Todo este último tramo no está ni mucho menos exento de complicaciones, pero comparado con lo anterior, esto era un juego de niños. Además, aquí ya se puede correr alegremente, que es a lo que estoy más acostumbrado.

Tarareo una de las canciones que cantábamos esta mañana y sincronizo el ritmo de la canción con el de mis piernas. Con esa melodía en la cabeza y el «Tac, Tac» de mis zapatillas en el suelo, encuentro la paz y la concentración que necesito para correr todo ese camino técnico hasta que acaba.

Me encanta correr cuando me siento ágil y paso volando el último avituallamiento. Sólo quedan 2,5km hasta llegar a meta y el camino se ensancha. La gravedad hace todo el trabajo y yo sólo me dejo llevar cuesta abajo.

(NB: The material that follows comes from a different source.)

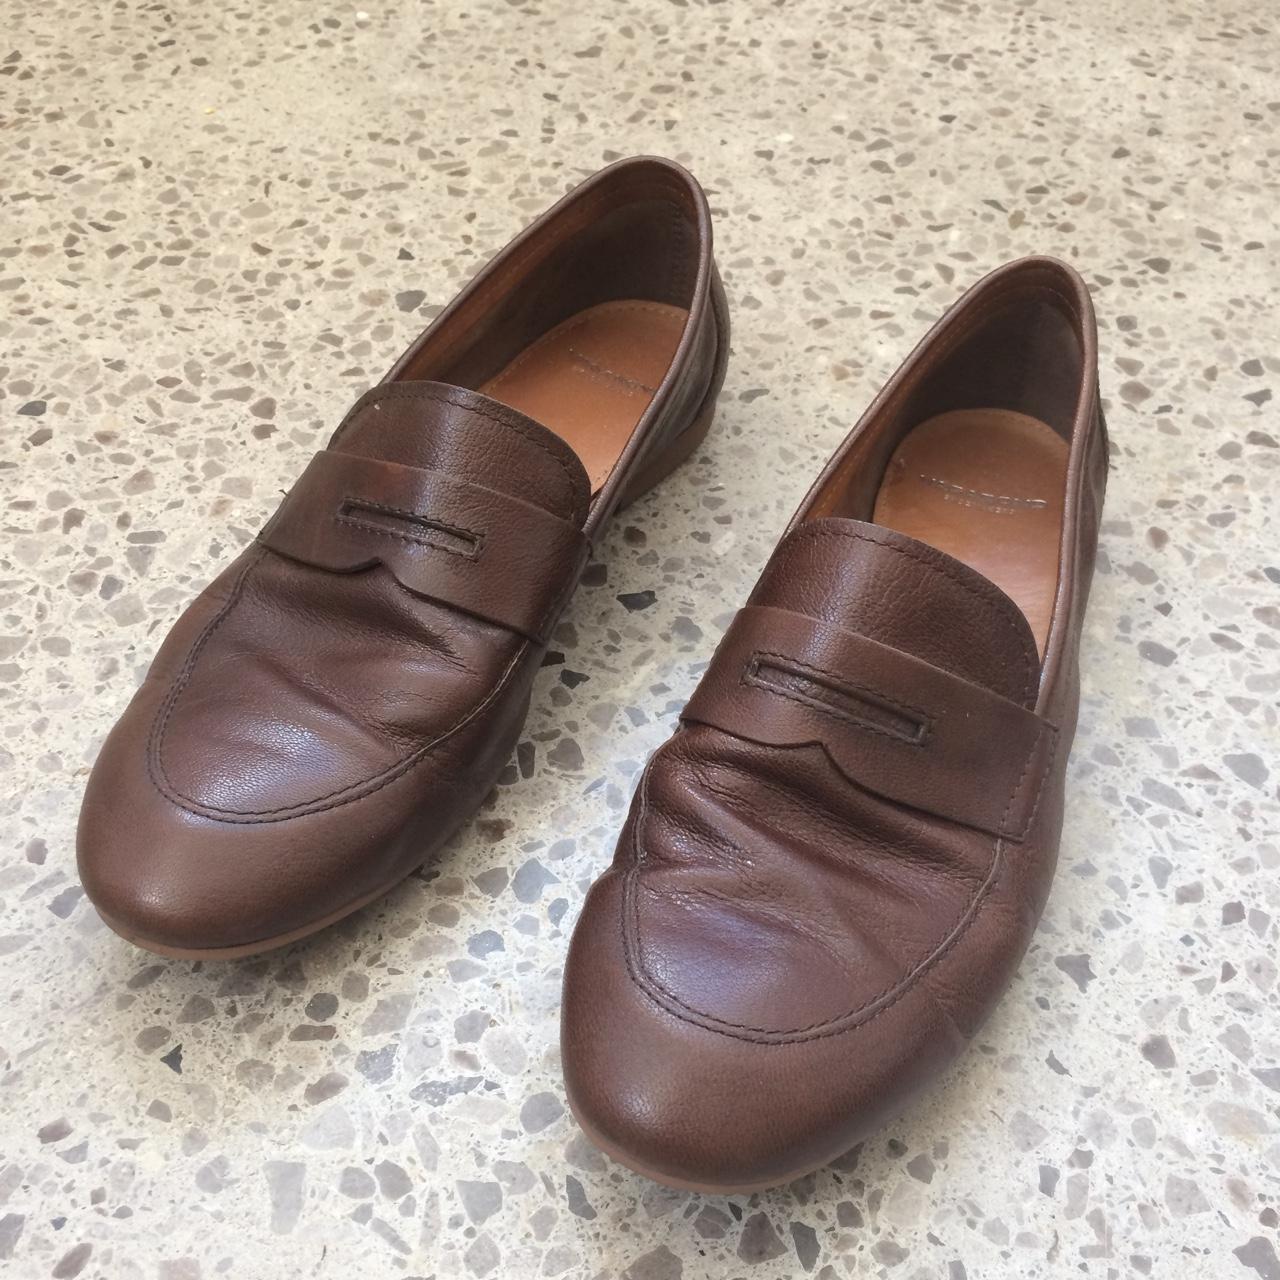 Clara loafers Perfect condition - too... -

Llego a un cruce con asfalto y me dicen que ya está, un kilómetro más por la carretera y llegada a meta. No pienso en nada, sólo corro, ¡vuelo!, y mientras lo hago, voy adelantando a algunos corredores de la carrera corta.

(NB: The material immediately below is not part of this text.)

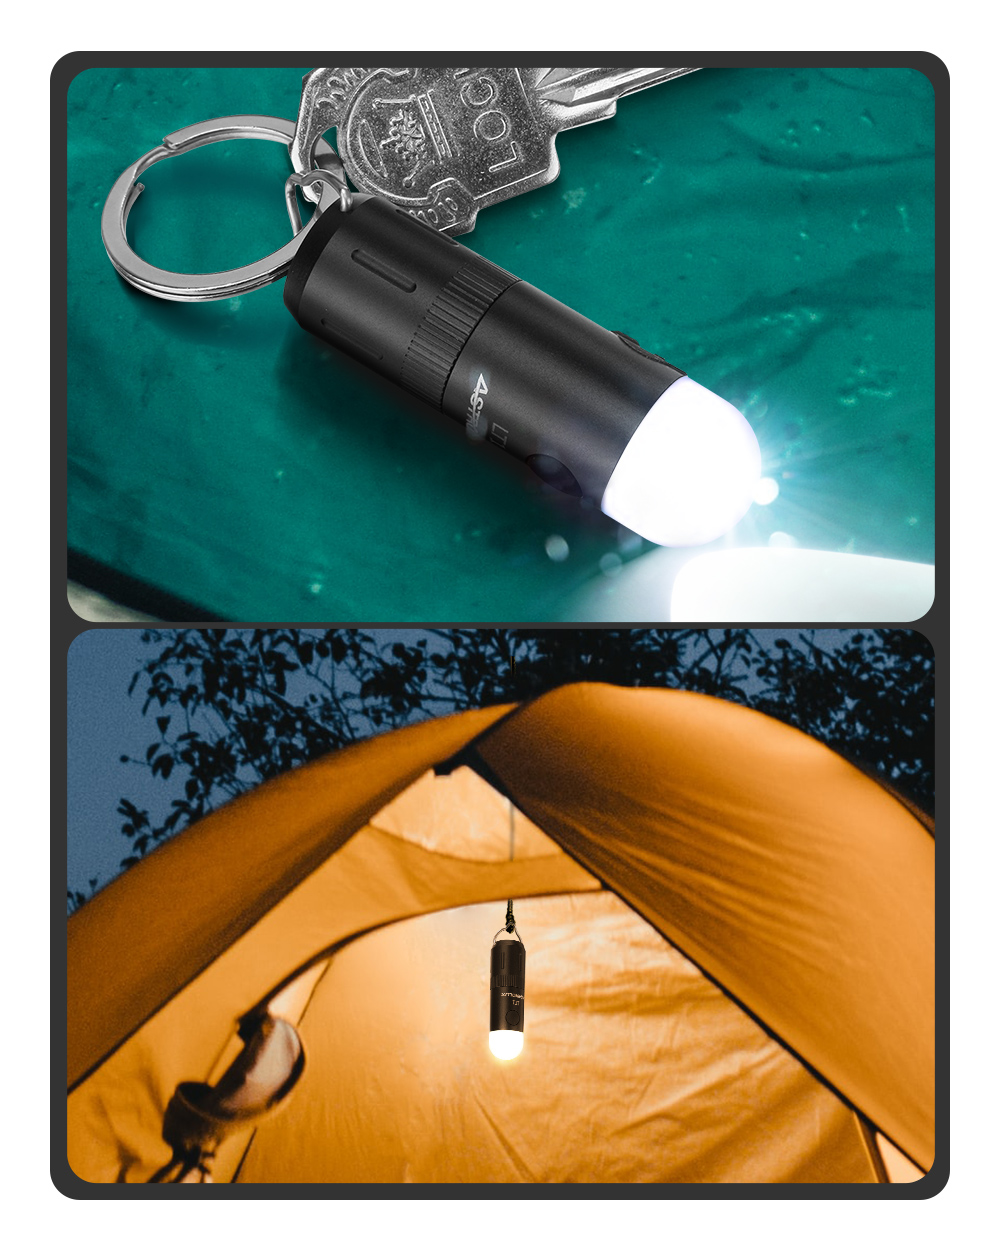 Astroluxreg-LT1-SST20-350LM-Tiny-Strong-Camping-Lantern-With-14250-Battery-Type-C-Rechargeable-Mini--1906003-11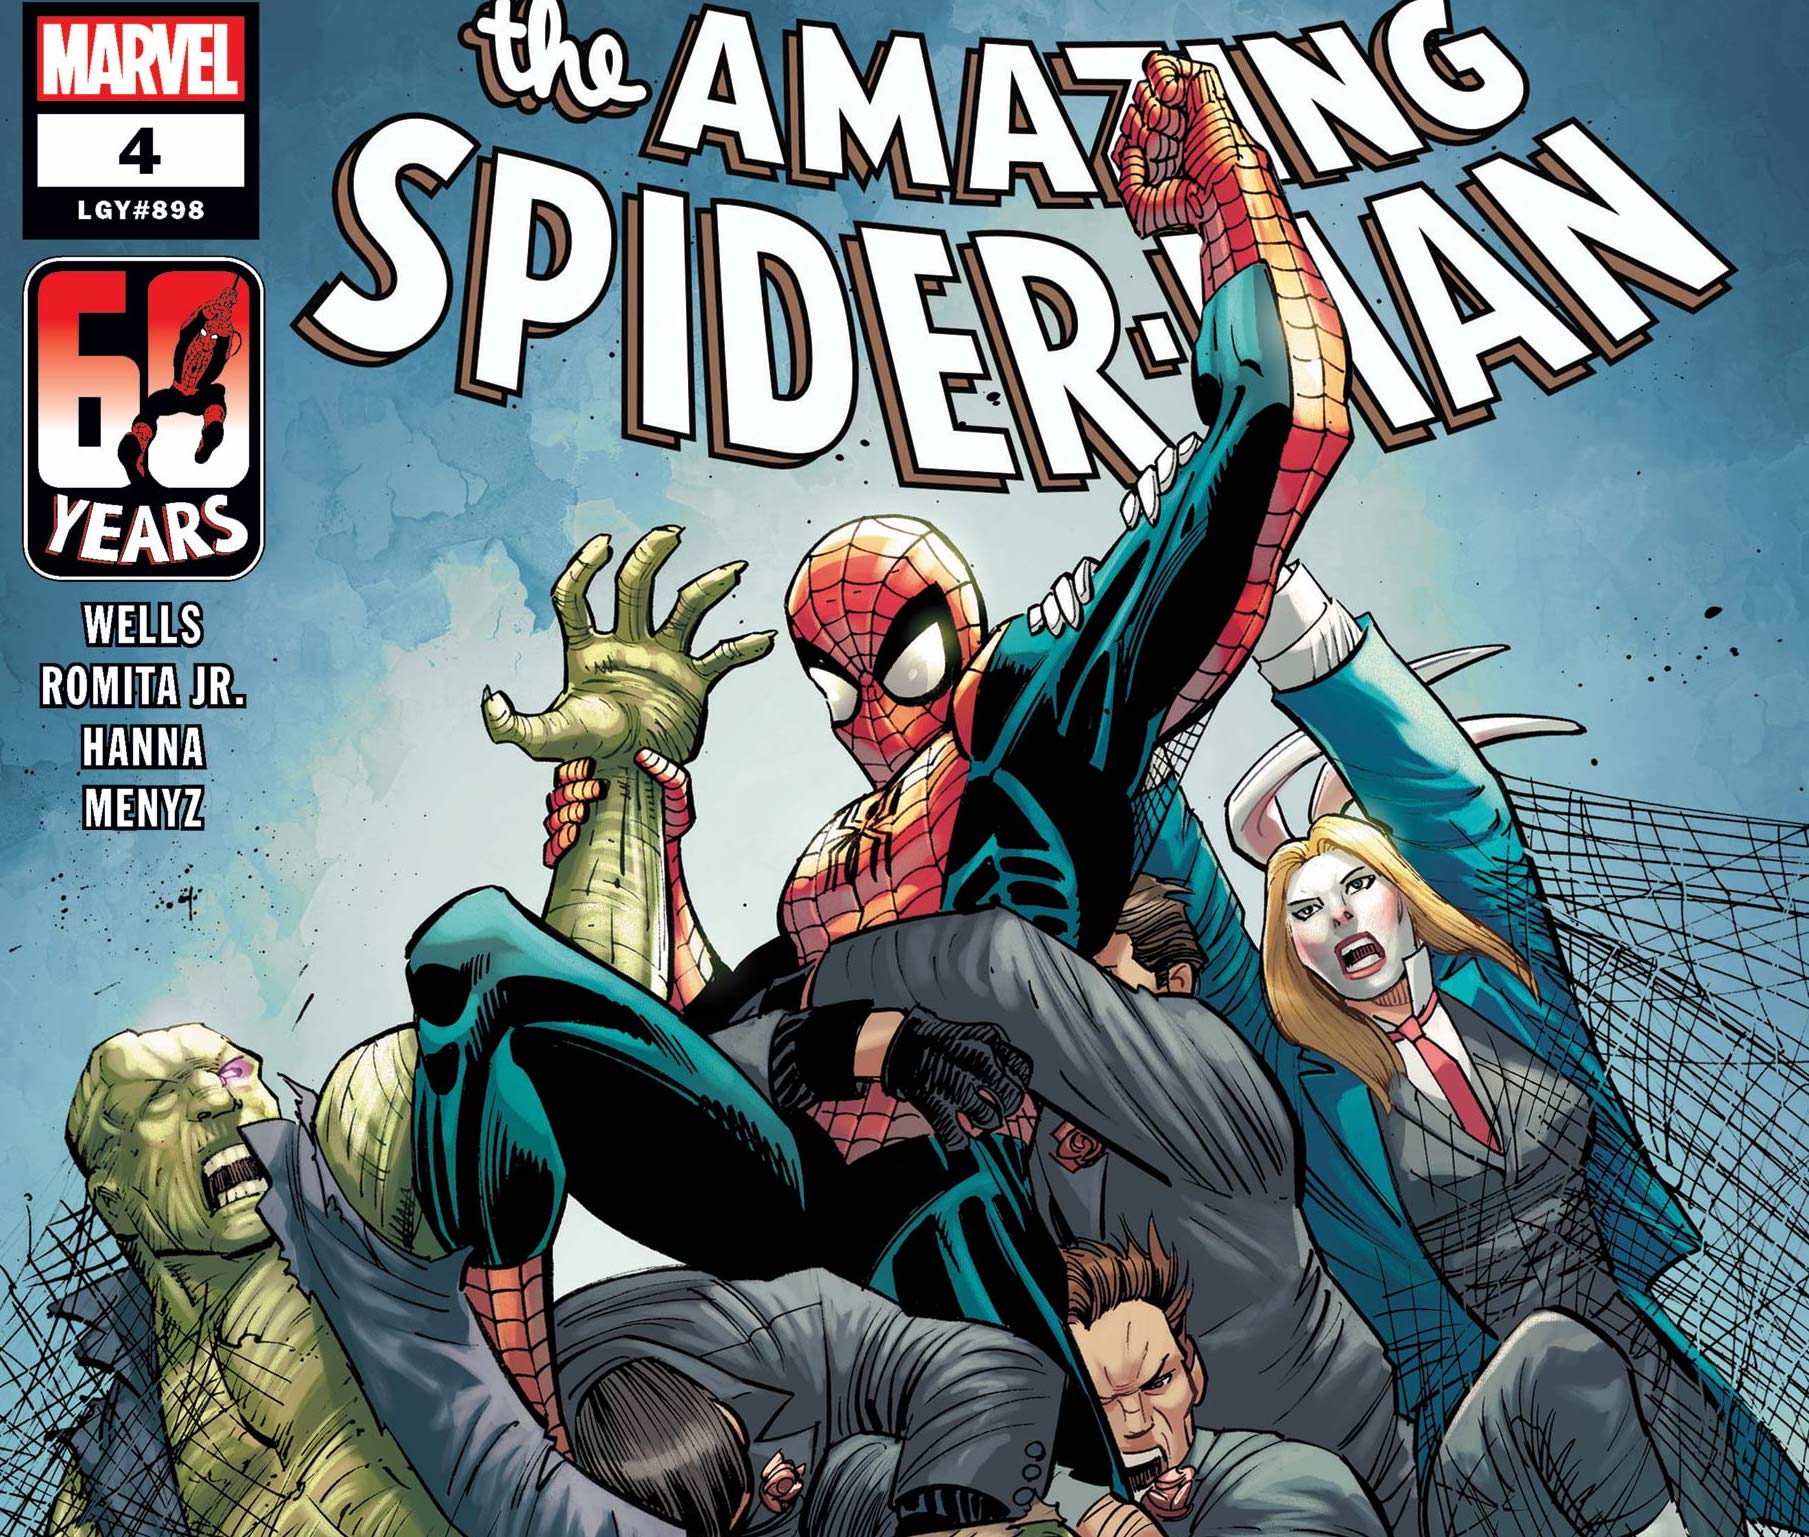 'Amazing Spider-Man' #4 finds a new gear and a new low for Spidey

Un giro a la izquierda y unos 100 o 200 metros de más de camino pedregoso antes de entrar a meta. Escucho la megafonia y la música de fondo y cuando menos me lo espero, veo la meta a unos pocos metros y la paso al ritmo que llevaba en la bajada.

Cruzo la meta y no veo nada más. Paro el reloj y por curiosidad miro el tiempo de los dos últimos kilómetros: 3:38 y 3:04.

Posición 57 de 184 finishers. Tiempo final de 3:52:19.

Cuando veo el crono, pienso en la conversación de antes de empezar la carrera y lo que hablamos de bajar de las cuatro horas. Pienso que sin proponérmelo he sido capaz de marcar un tiempo genial y que pese a no haber salido a machete, a disputar mi posición en la clasificación, la sensación de autorealización es brutal.

Las sensaciones de esta carrera me dan una paz increíble para la Ultra Val d’Aran.

Sólo quedan 11 días.

¡Joder! ¡Cómo me gusta este deporte!